• Collected material:
= Beginning of Section =
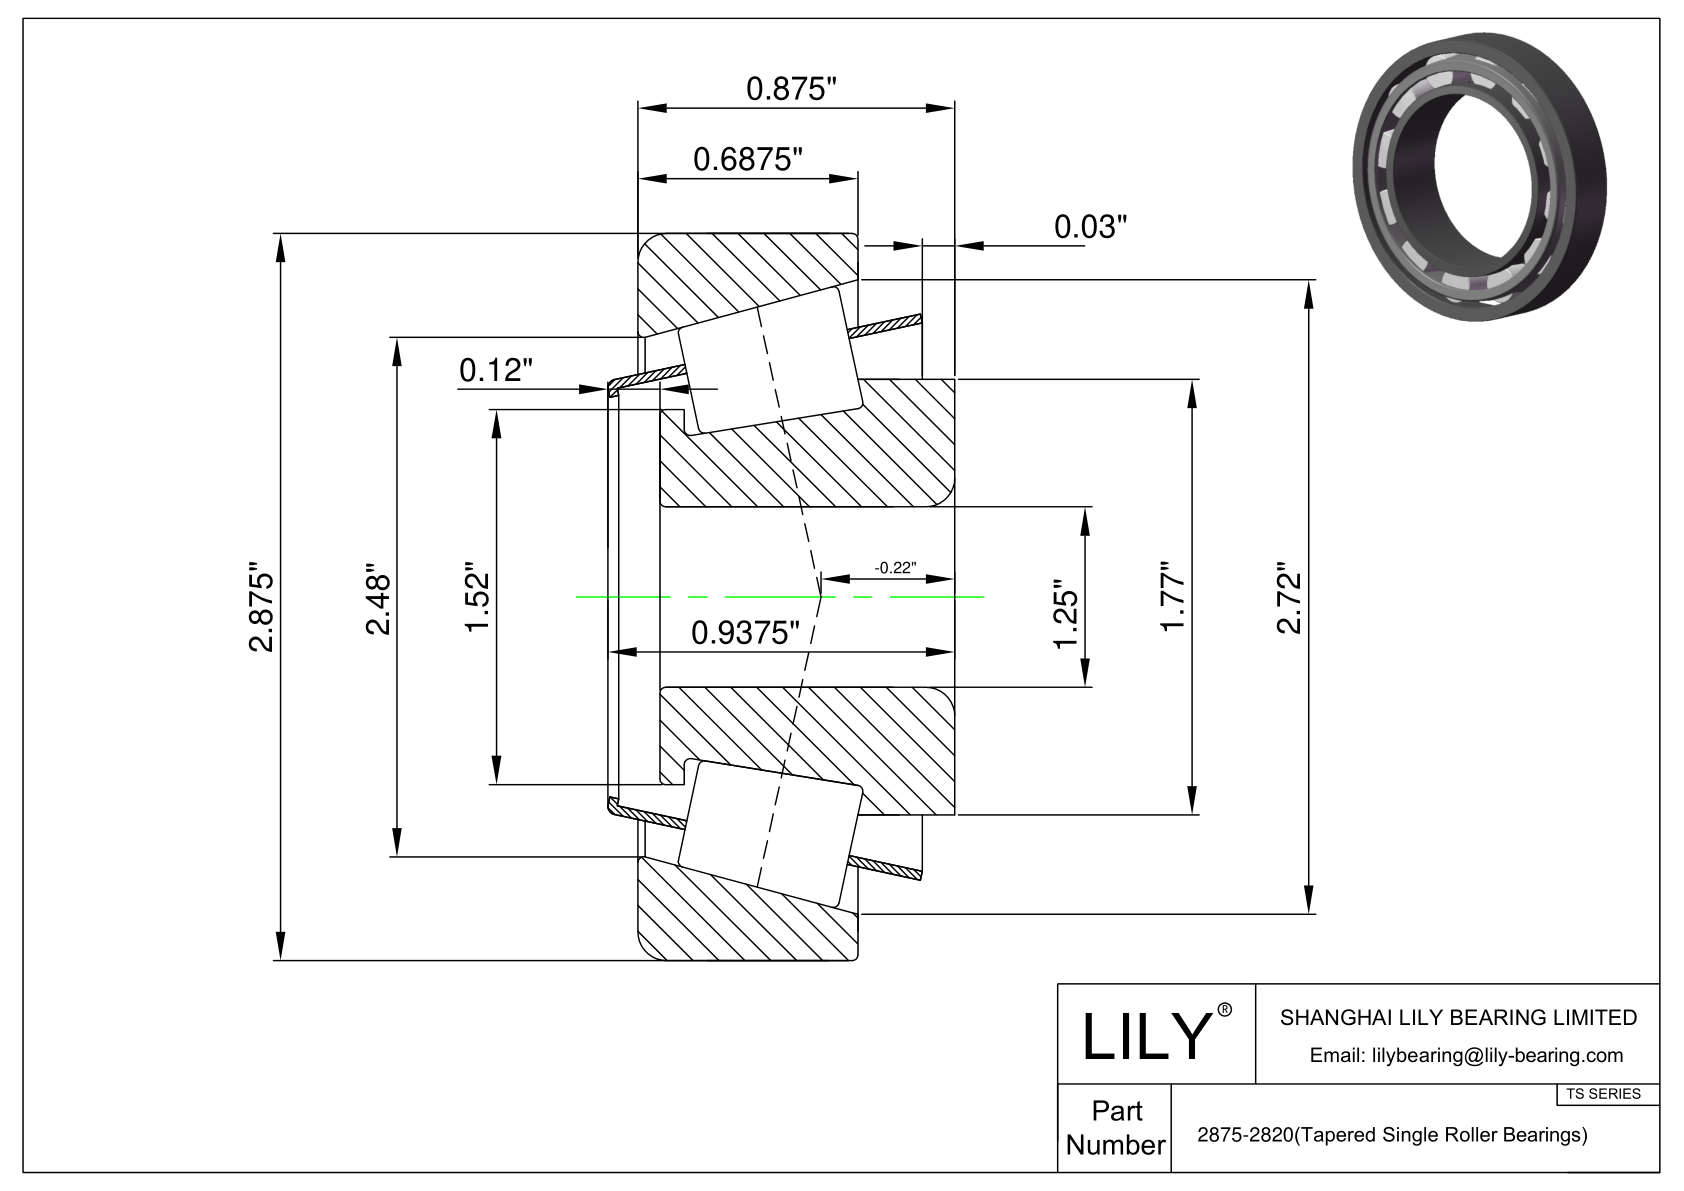 2875-2820 TS (Tapered Single Roller Bearings) (Imperial) cad drawing
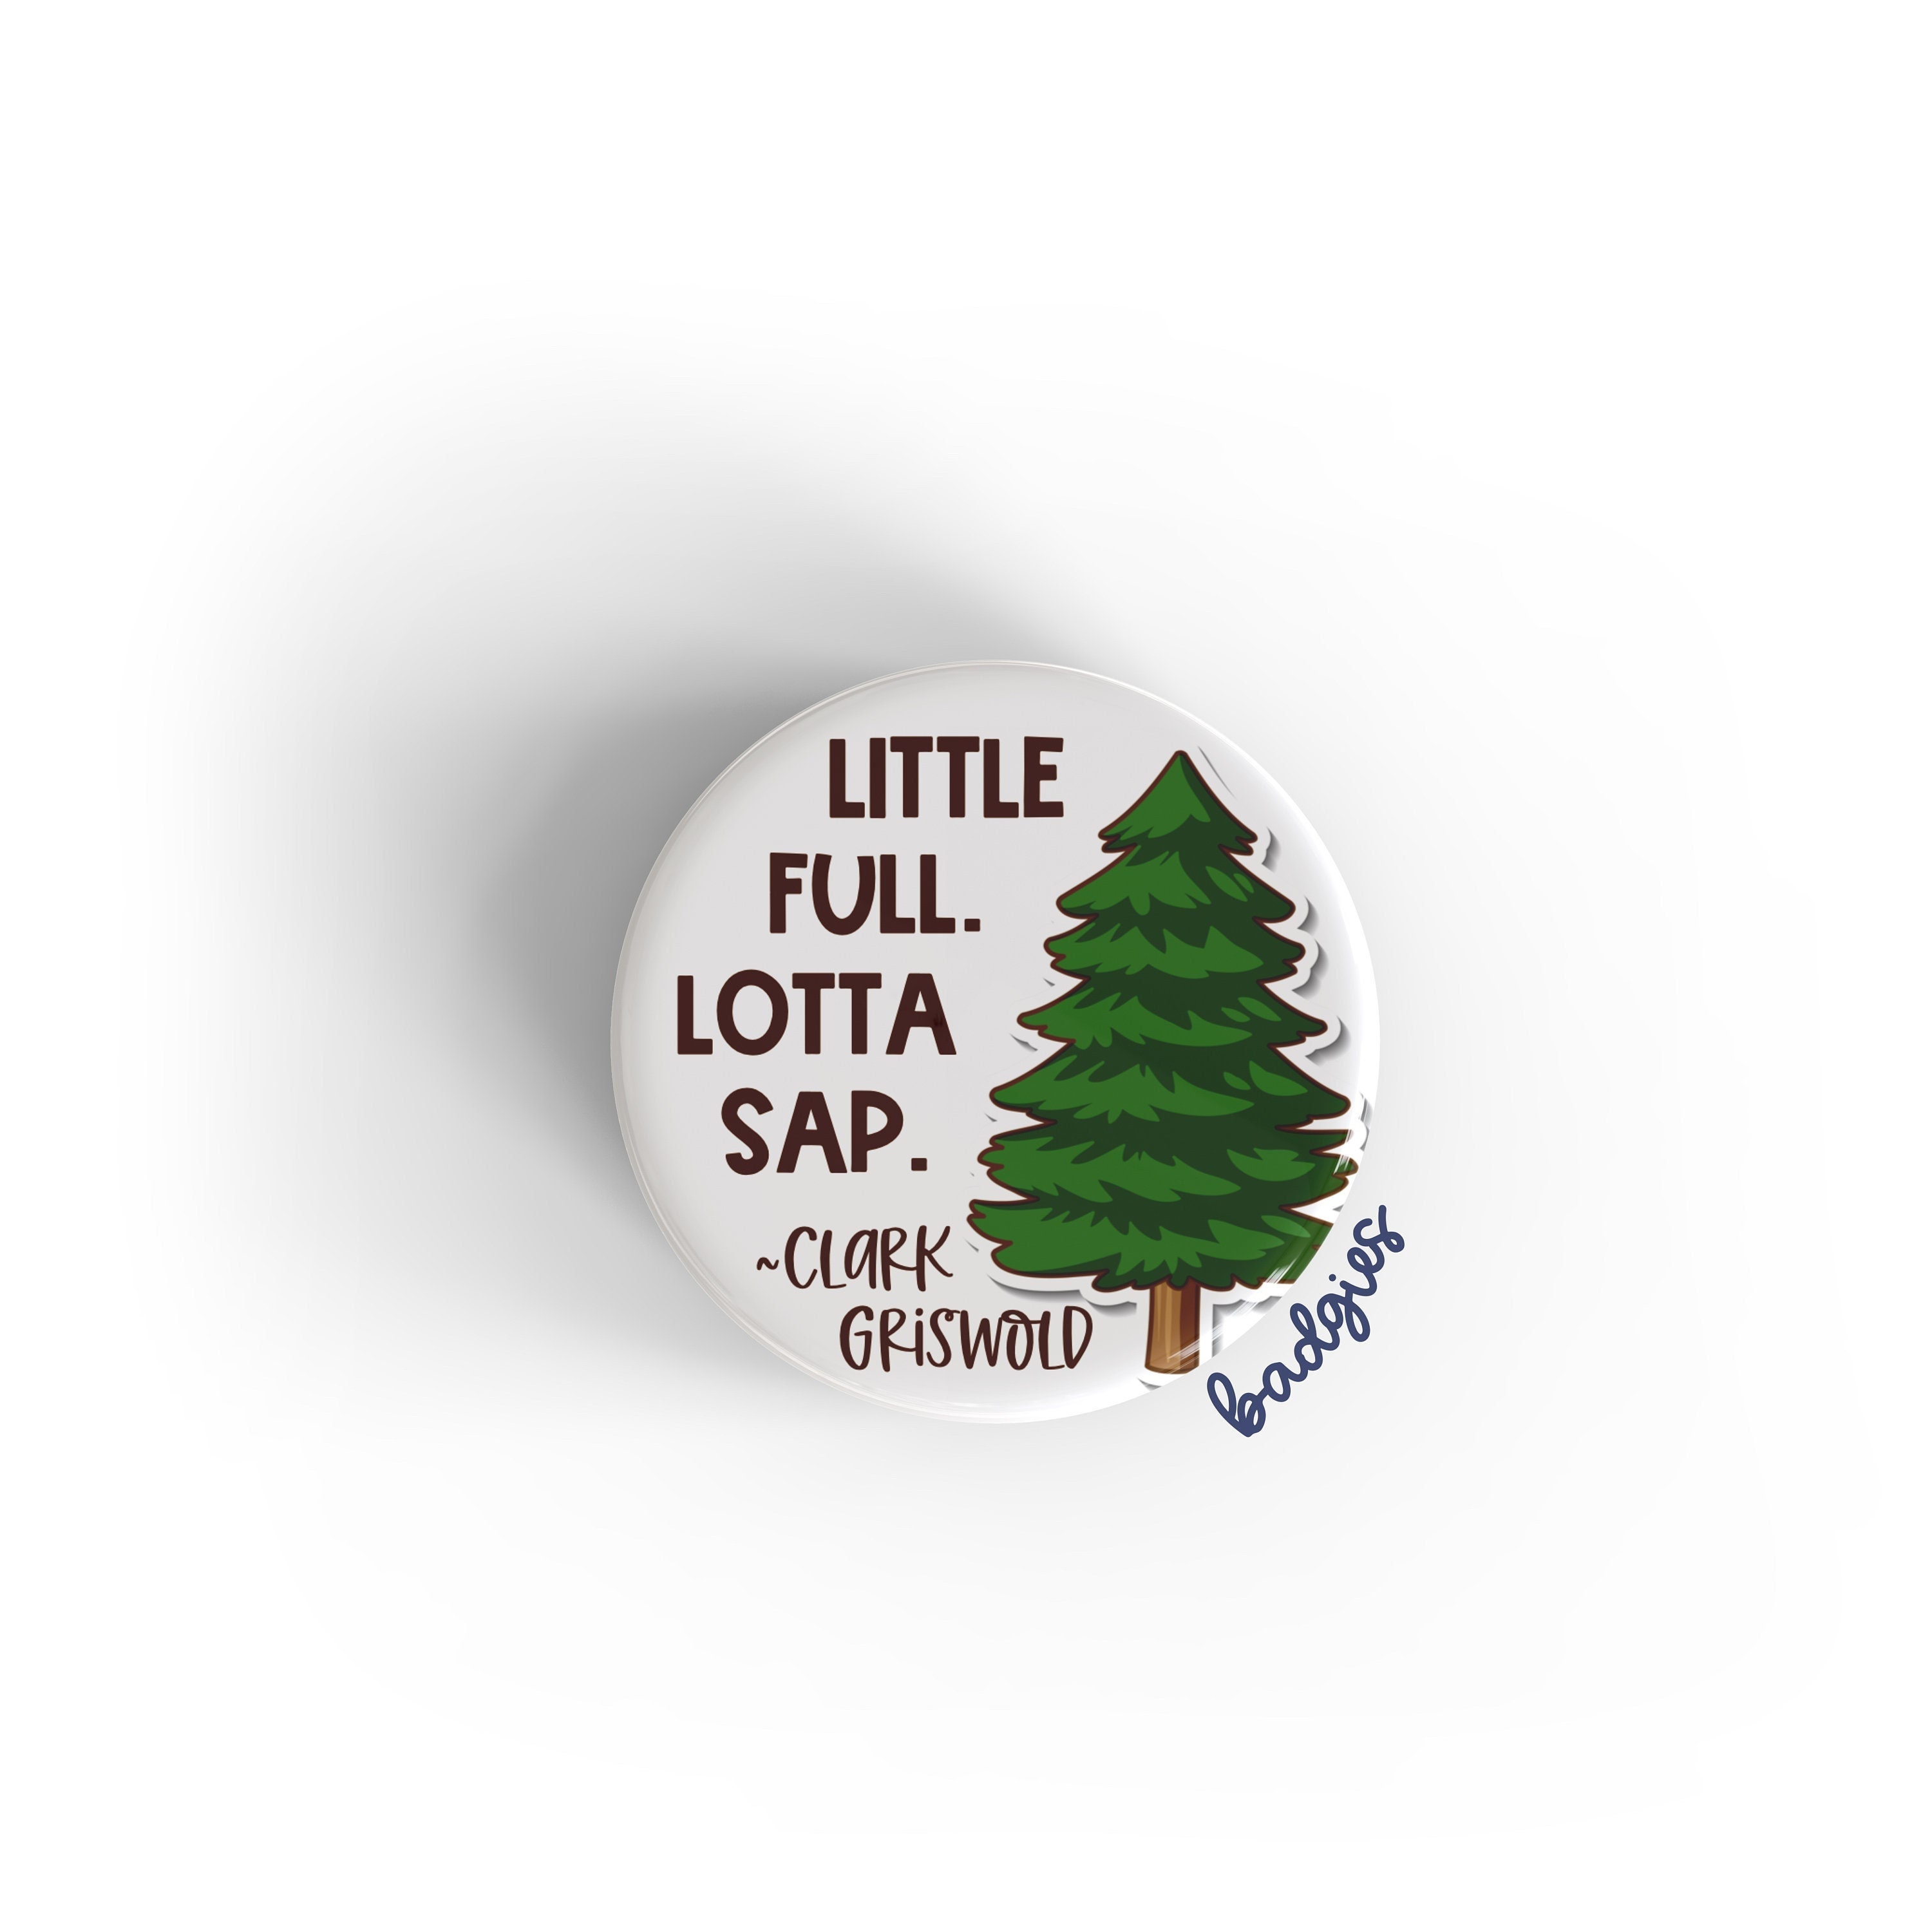 Little Full Lotta Sap badgie, National Lampoon's Badge Reel Cover, Funny Christmas Vacation Nurse Gift, Clark Griswold, ER, Ed, Oncology, PT
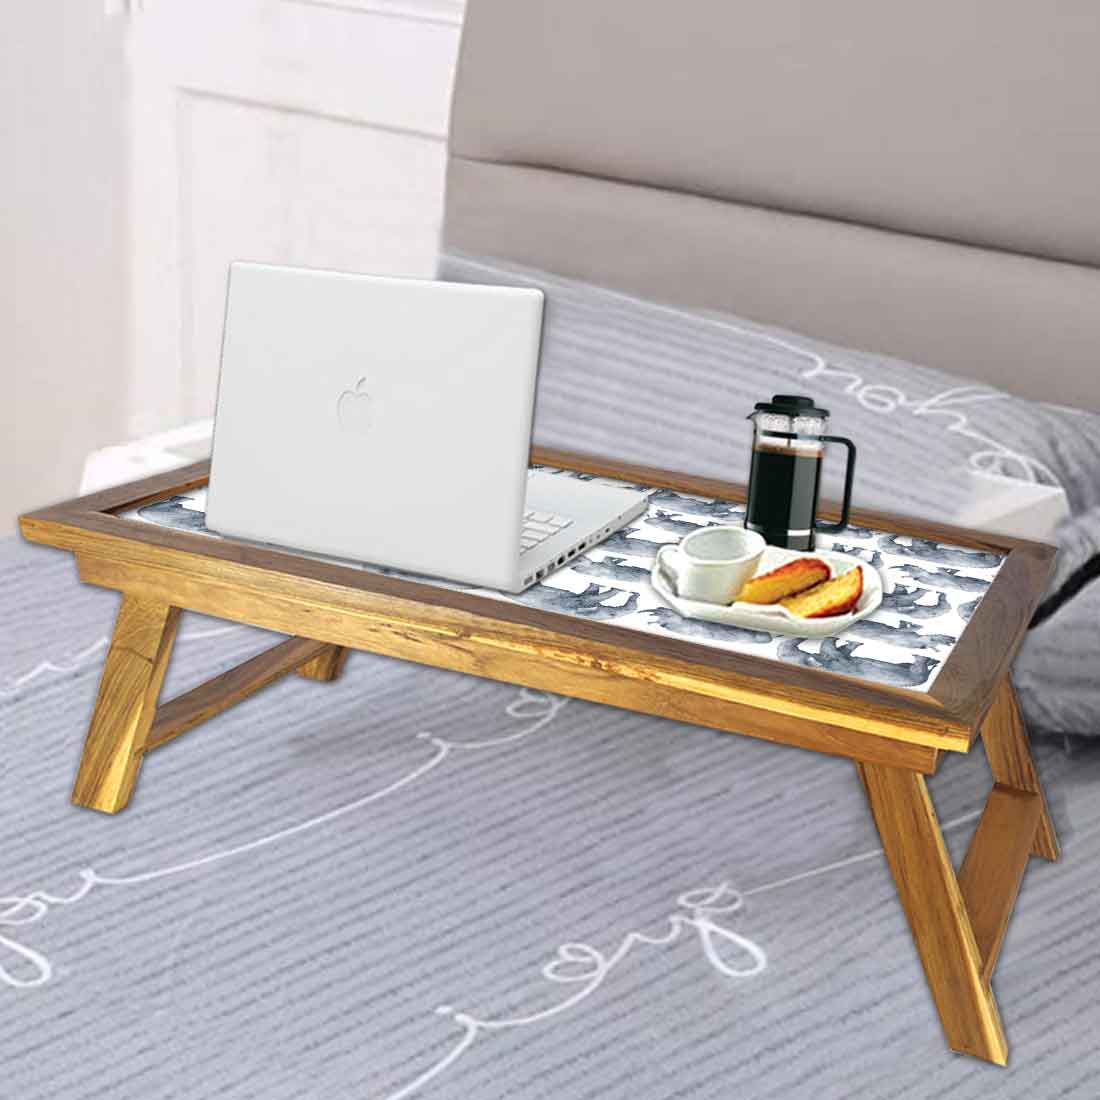 Foldable Reading Tables for Home Bed Breakfast Table Study Desk - Elephants Nutcase
= End of Section =
• Prompt: Output a faithful copy of the data, with each picture left out.

• Solution to the exercise:
 2875-2820 TS (Tapered Single Roller Bearings) (Imperial) cad drawing
 Little Full Lotta Sap badgie, National Lampoon's Badge Reel Cover, Funny Christmas Vacation Nurse Gift, Clark Griswold, ER, Ed, Oncology, PT
 Foldable Reading Tables for Home Bed Breakfast Table Study Desk - Elephants Nutcase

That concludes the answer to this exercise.